At the same time, it enrages me. I'm doing my part to be a good girl and help others by staying in so that we can all eventually go back to work and restart the economy and save "life as we know it." When honestly, I think we all deserve to go through another massive economic depression that would result in the deaths and starvation of millions. I believe we deserve the breakdown of society and the economy, even if it would probably mean my own death to achieve it. But I'm doing my part for others anyway. Because I know most of society isn't ready for that and won't accept it with any sort of grace or ability to rebuild and make the world a better place afterwards.

And for the past 20 minutes I've watched people walk underneath my window and chat with their friends like it's just another day. I want shout at them. I could call the cops but as I've said a thousand times, I know the cops here in Arles would do nothing. Absolutely nothing.

In other news, I haven't been writing or doing much of anything since NaNo ended. I wasn't doing much during the last week of NaNo besides putting myself on autopilot to bang out 1500 words a day. Yesterday I did try to study and actually sit in front of my computer thinking about writing. I guess that is better than nothing. The first step is always having the intention and opening the book or the blank page. I don't have much to do, so I will try again today.
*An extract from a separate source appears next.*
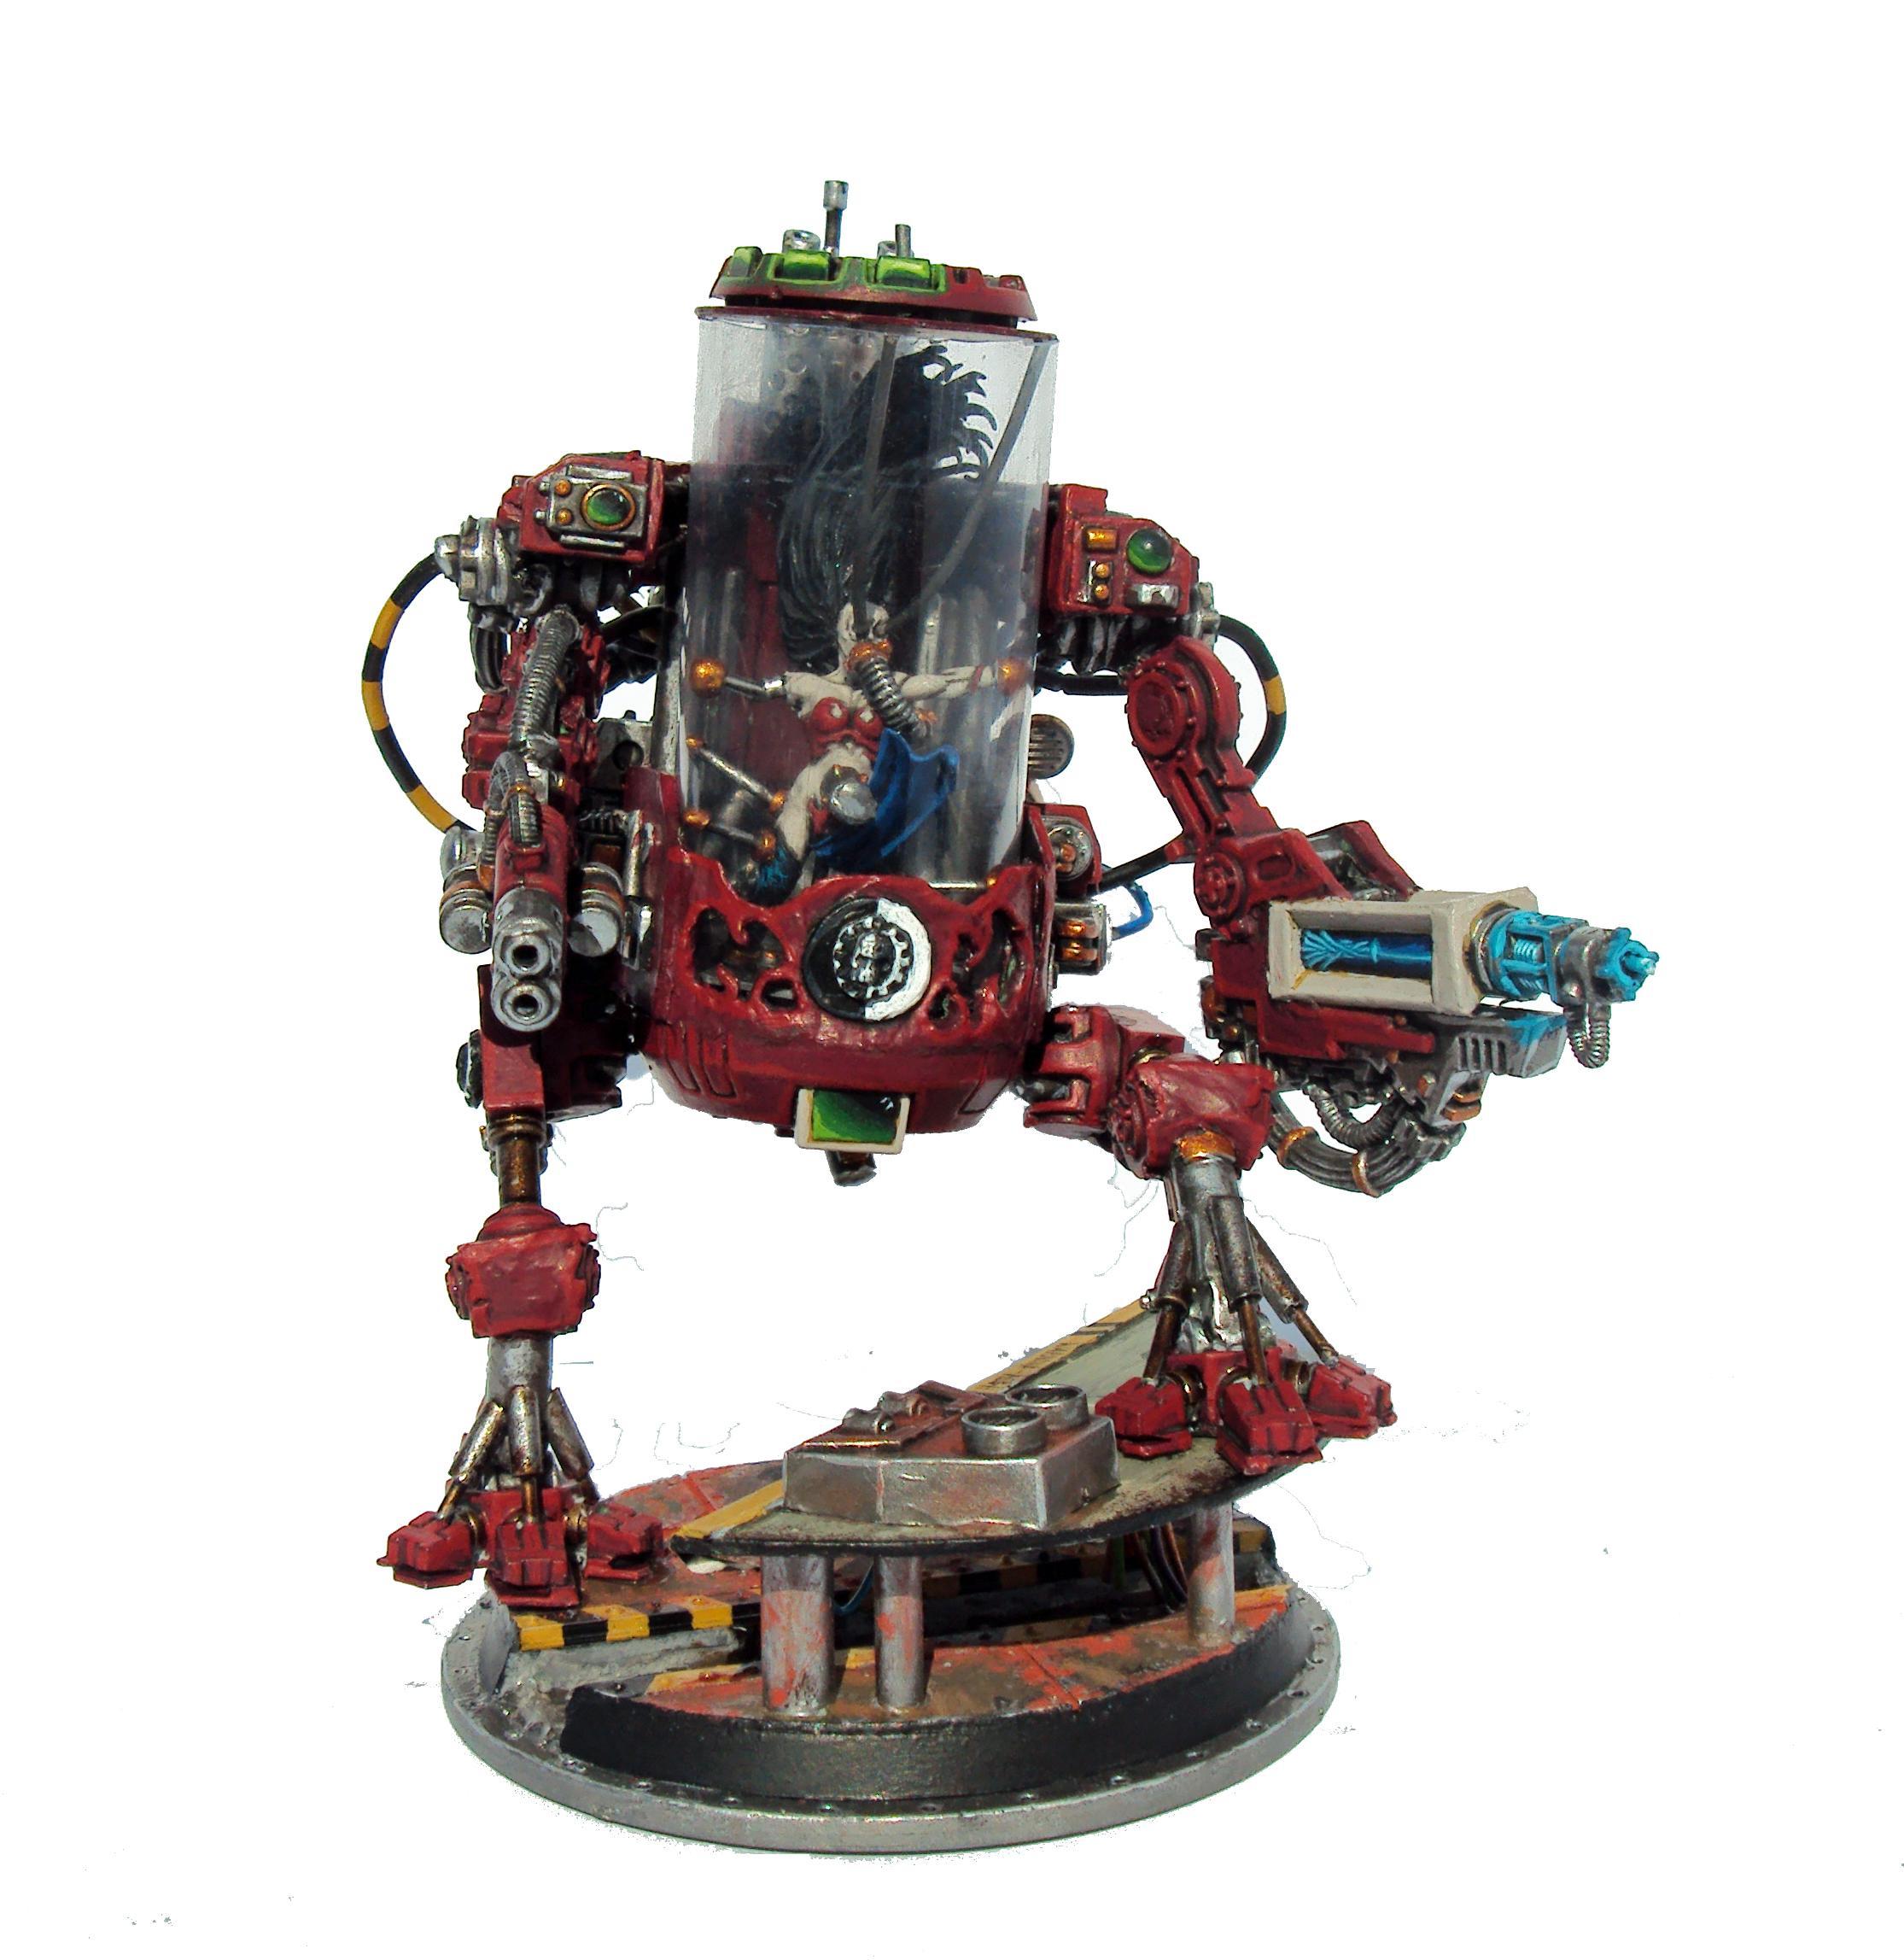 Adeptus Mechanicus, Archmagos Veneratus, Pimp My Wizard, Warhammer 40,000
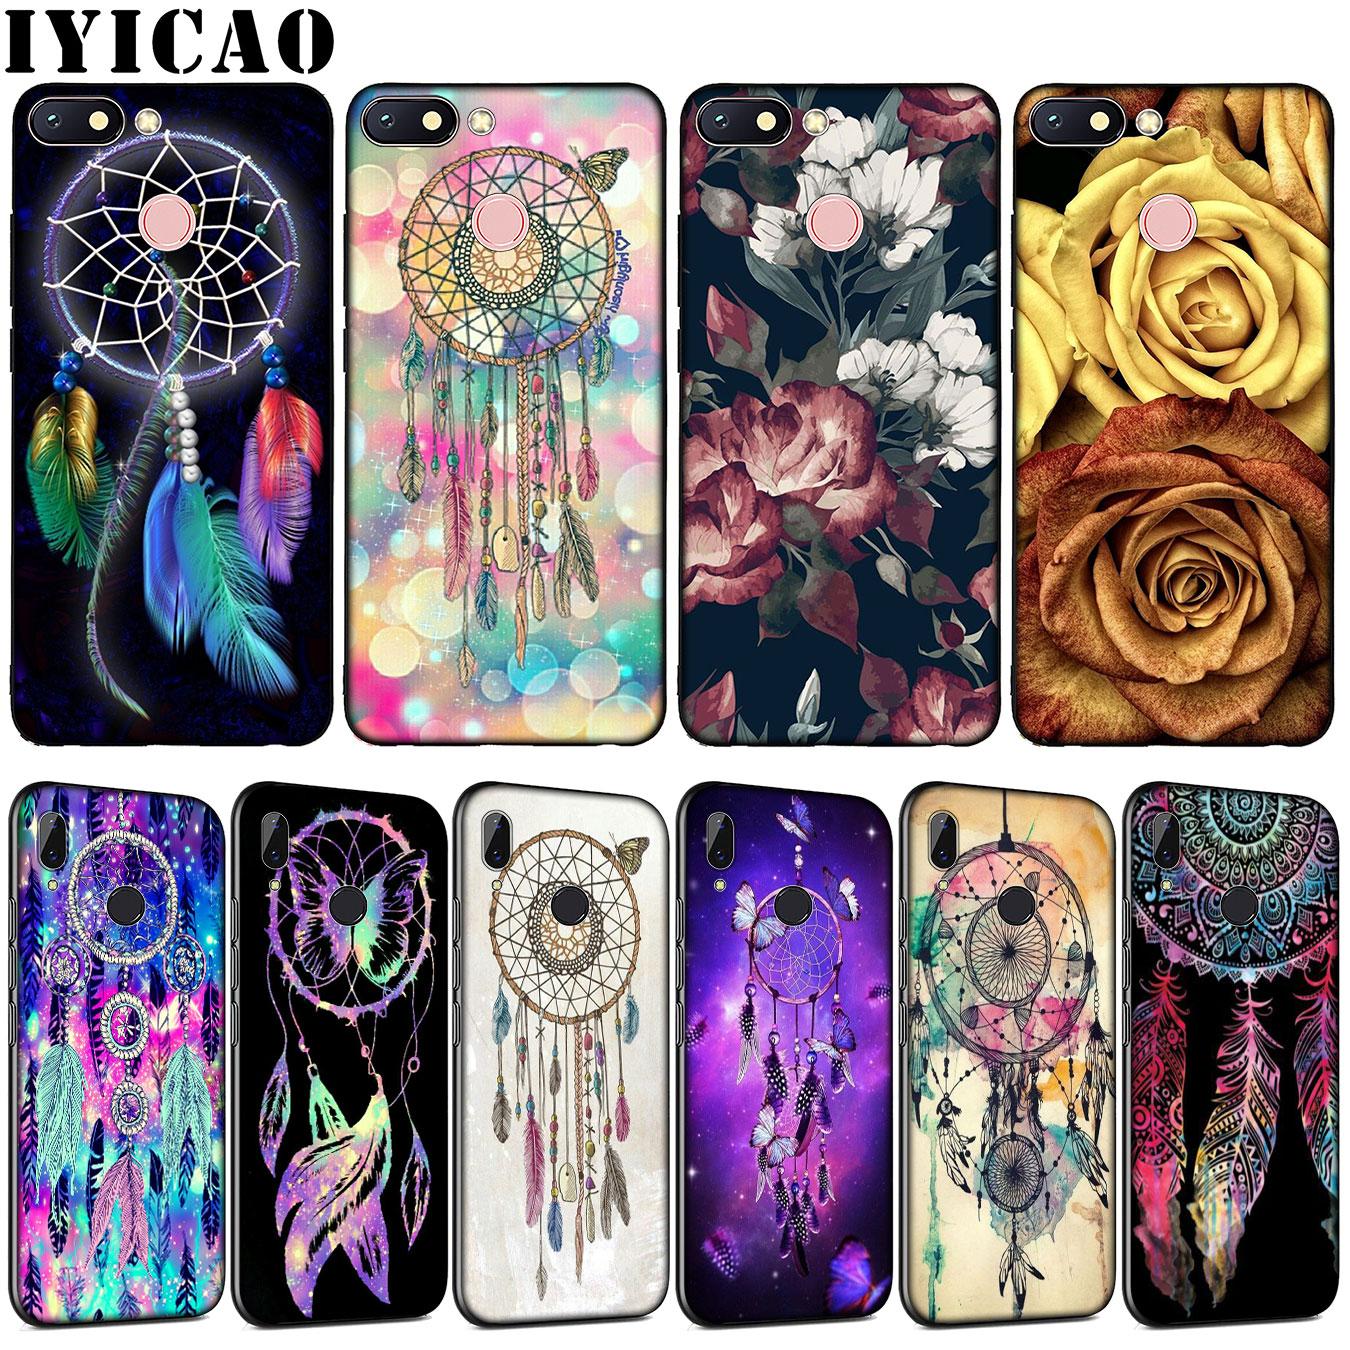 Dream Catcher Watercolor Dreamcatcher Softsilicone Phone Case For Xiaomi Redmi Note 8 8A 8T 7 7A 6 6A 5 5A GO S2 K30 K20 Pro

I don't expect to find my groove - as I mentioned in my last entry. At least not for a while. My only goal is to understand myself; understand why, when I have the desire, I cannot find the will. I refuse to accept that this is just the way it is.

I no longer allow computer games after 5pm. It was one of the causes of my being unable to sleep even if I was going to bed at a fairly reasonable hour. Around midnight is actually early for me, given that when I'm working my typical bedtime is between 2am-3am. After sleeping badly, nay I say, horribly, for three or four nights in a row I had to change something. It seems to be helping somewhat, though tonight will only be day three.

The biddies finally went their separate ways.

As I'm almost 40 I often think about at what age someone becomes a biddy. Is it 65? The age of retirement? 70? 80? Is it a state of mind? Because if it is, I'm probably already a biddy even though I look 30. When will some middle-aged women who acts like a 20-something stare out her window at me with disgust and think "ugh, that old biddy is at it again."